As the lights come up on the decaying Chennai mansion set, bed-ridden matriarch Jaya, and a cacophony of beating crows wings (excellent sound work throughout by Ben and Max Ringham) it looks initially as though we might be in for an elegiac family drama. That illusion is shattered almost immediately by the arrival of two decidedly modern women: Jaya's acerbic young nurse and vinegary, widowed daughter-in-law, Hema. The trio trade insults and put-downs before the scene gives way to the pumping dance music of a trendy Mumbai bar frequented by golden boy family son Akshay and his upwardly mobile work colleagues. It becomes clear pretty quickly that Akshay has what might be termed anger management issues, at the very least. Hang on though, because you ain't seen nothing yet.

While it's refreshing to see a stage depiction of modern, urban Indian lifestyles, the play has darker, more important things on its mind, and that is where both its interest, and a fair few of its problems, lie. As Akshay is implicated in the brutal rape of a waitress from the Mumbai bar, we learn unpalatable truths about Hema's relationship with his late, abusive father and the lamentable willingness of the family women to turn blind eyes to unacceptable behaviour from their menfolk. Although Chandrasekhar's dialogue is tartly amusing, it's unable to deflect attention from the sketchiness of the characterisations and the eye-rolling unlikeliness of some plot developments as the piece draws melodramatically on.

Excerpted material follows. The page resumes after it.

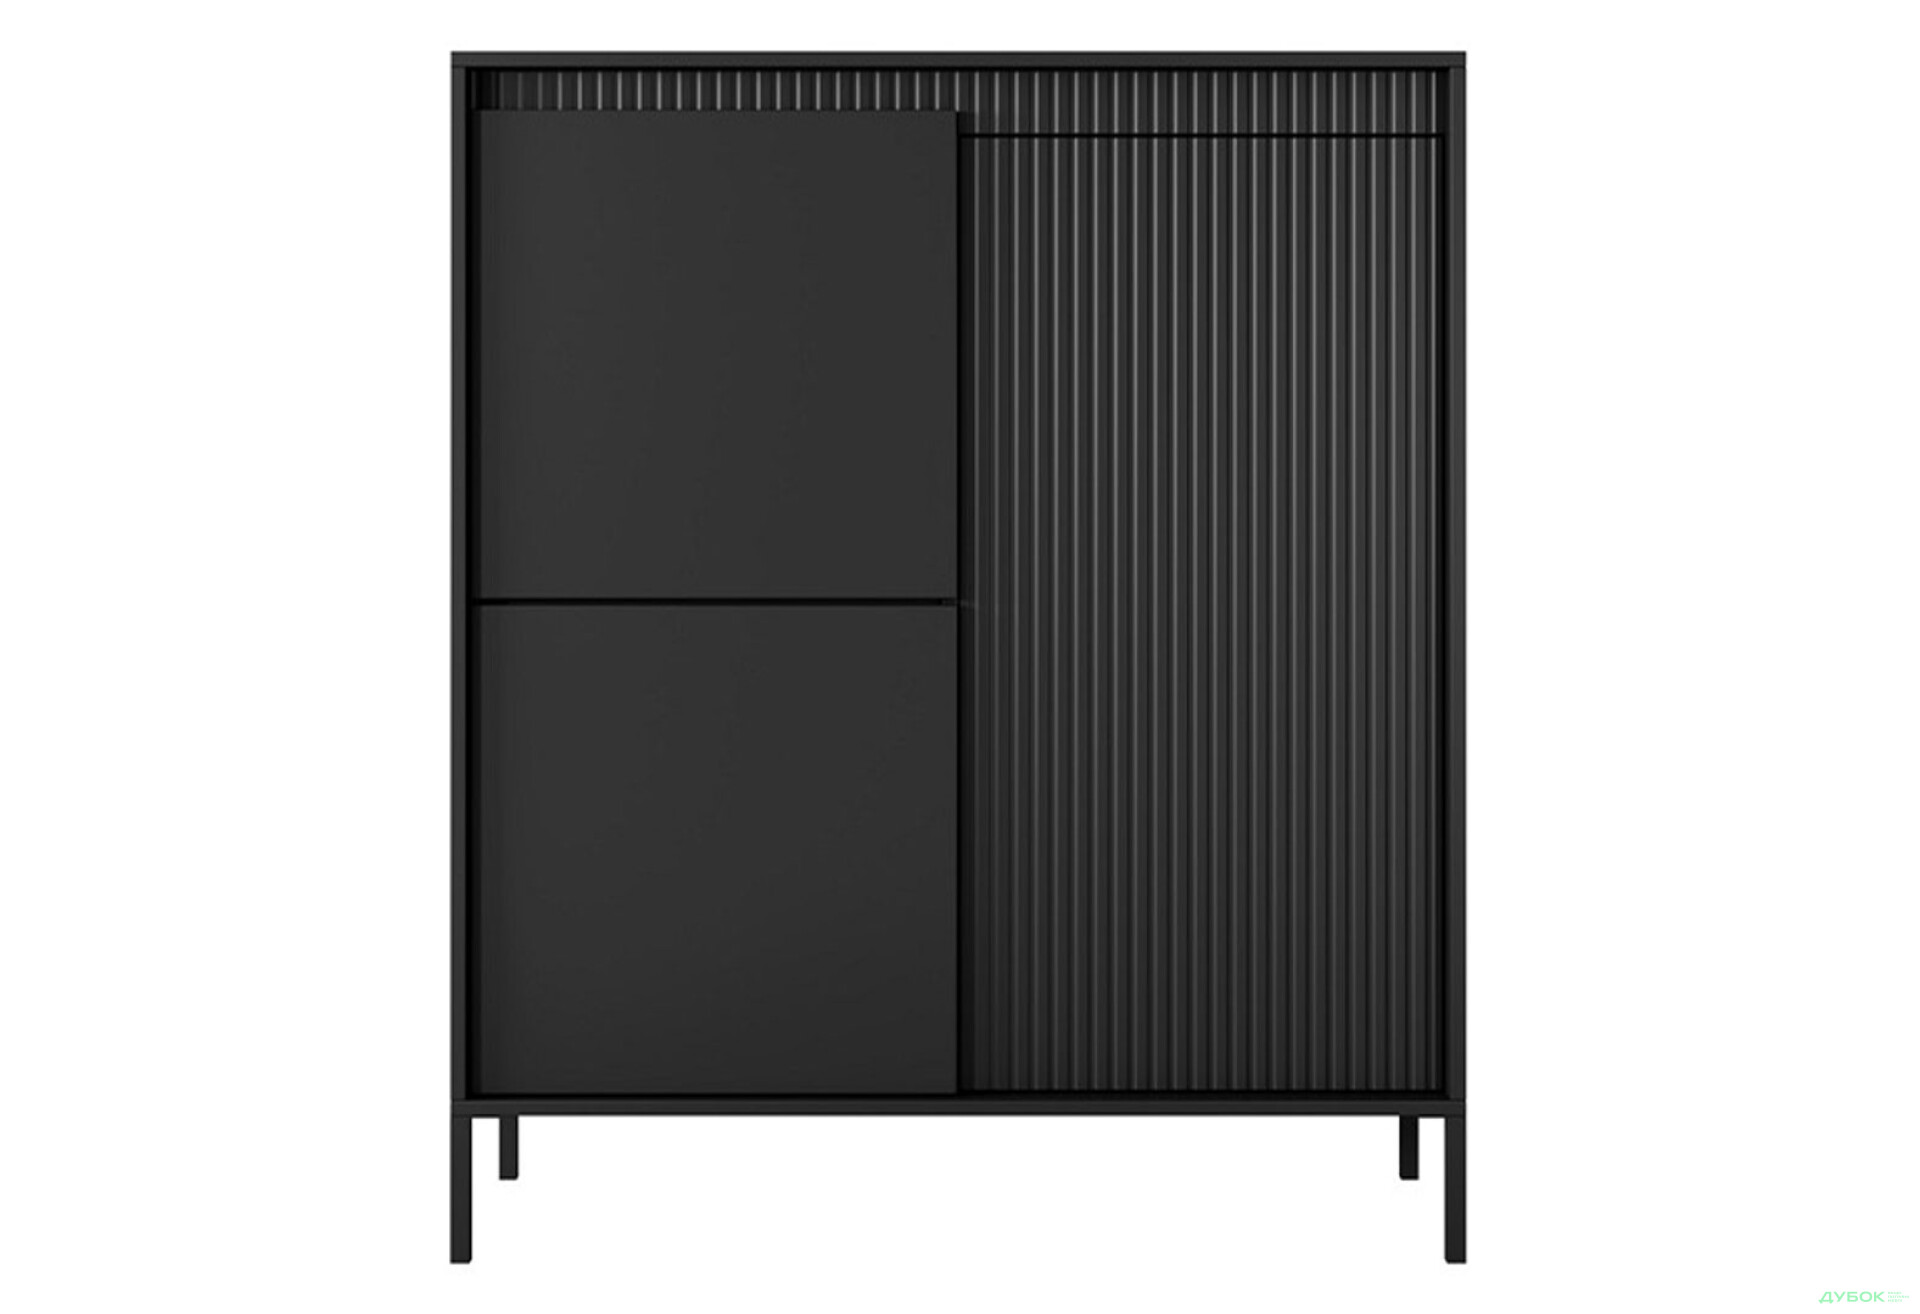 Фото 2 - Комод Perfect Home Сенсо / Senso 3-дверный 104 см, черный

Indhu Rubasingham's overwrought but visually gorgeous production starts at fever pitch and seldom takes its foot off the emotional pedal. It makes for an exhausting, if never boring, couple of hours, albeit with much to enjoy: Richard Kent's strikingly beautiful set is atmospherically lit by Oliver Fenwick, there is eerily ingenious shadow puppetry (for the crows) by Matt Hutchinson, and Ayesha Dharker does fine, detailed, emotionally intelligent work as conflicted Hema. She is ably supported by Soni Razdan as her garrulous, storytelling mother-in-law and Mariam Haque, doubling nicely as her free-spirited sister and as Akshay's uptight colleague.

The men don't fare so well: Asif Khan is unsubtle and excessively mannered as a corrupt cop and, in the key role of troubled, spoilt Akshay, Bally Gill ricochets wearyingly between cocky and shouty. Admittedly, he isn't helped by being saddled with a character who, as written, has no redeeming features whatsoever and whose increasingly outrageous and nasty behaviour beggars belief. There's an underdeveloped, if hardly original, idea that Akshay's cruelty and potential criminality is the result of exposure to excessively violent video games, but that never reaches any satisfactory conclusion. These are flaws in a play that, for all its good intentions, starts to feel uncomfortably sensationalist and exploitative as it represents some of the appalling treatment meted out to women in a patriarchal society.

Dharker impressively charts Hema's journey from adoration of her only offspring to a furious, bitter acceptance of the family tragedy she has unwittingly helped to write. She is the dramatic and emotional glue that holds the entire show together, and makes one long to see her have a stab at Mrs Alving, Ibsen's equivalent to Hema in the original Ghosts. For the rest, it's a wildly uneven evening, but one with an unquestionable fire in its belly and its heart in the right place.